Joel Schumacher, director of 2 Batman movies and ‘The Lost Boys’, dies aged 80 after year-long cancer battle

His ‘Batman Forever’, starring Val Kilmer, Tommy Lee Jones, Jim Carrey and Nicole Kidman, grossed over $300M. He also made the 1997 ‘Batman and Robin’, starring George Clooney and Arnold Schwarzenegger


                            Joel Schumacher, director of 2 Batman movies and ‘The Lost Boys’, dies aged 80 after year-long cancer battle
(Getty Images)

Filmmaker Joel Schumacher died in New York City on Monday, June 22, after a year-long battle with cancer at the age of 80. Schumacher has long been considered a Hollywood legend. 
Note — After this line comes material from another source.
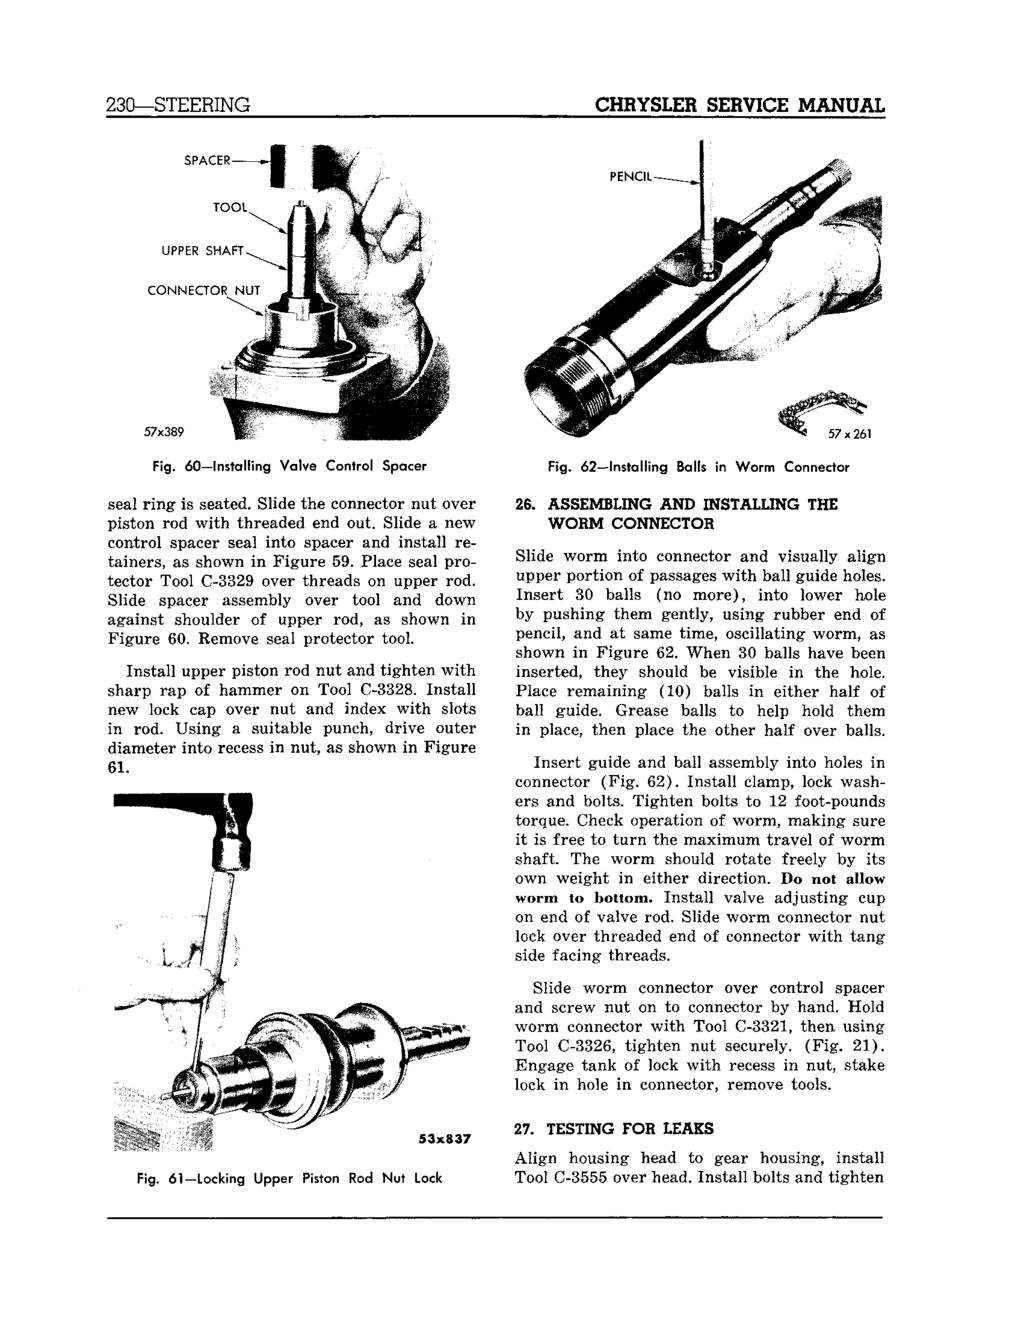 230 STEERING CHRYSLER SERVICE MANUAL Fig. 60 Installing Valve Control Spacer Fig. 62 Installing Balls in Worm Connector seal ring is seated.
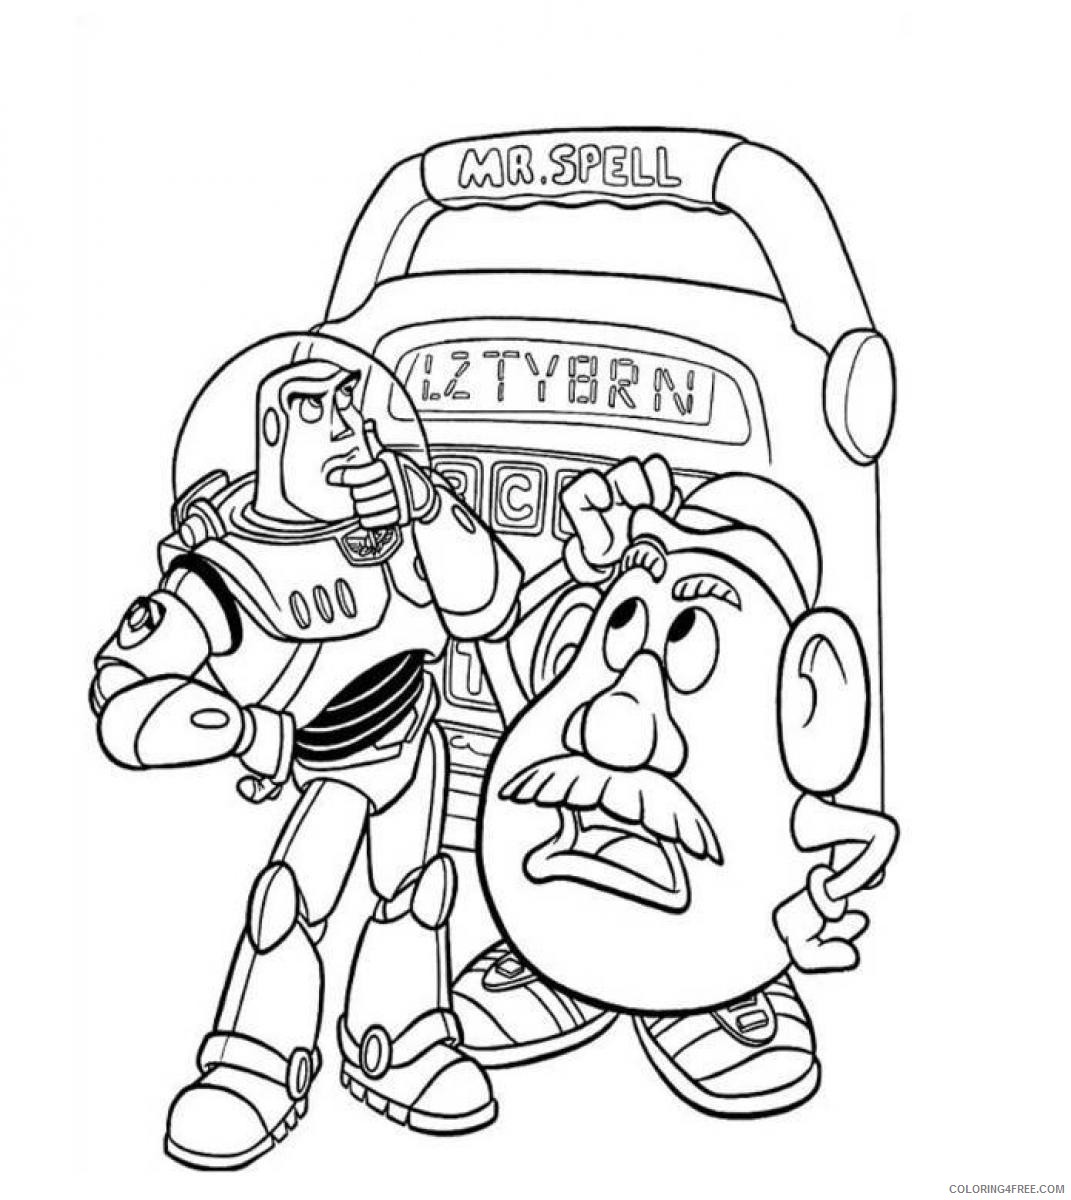 buzz lightyear coloring pages with mr potato head Coloring4free

Born on August 29, 1939, in New York City, Schumacher initially worked in the fashion industry before entering film as a costume designer for Woody Allen’s 1973 film ‘Sleeper’. He studied at Parsons the New School for Design and the Fashion Institute of Technology in New York. He worked in the fashion industry for some time before deciding to pursue a career in filmmaking. According to Variety, Schumacher brought his fashion background to directing.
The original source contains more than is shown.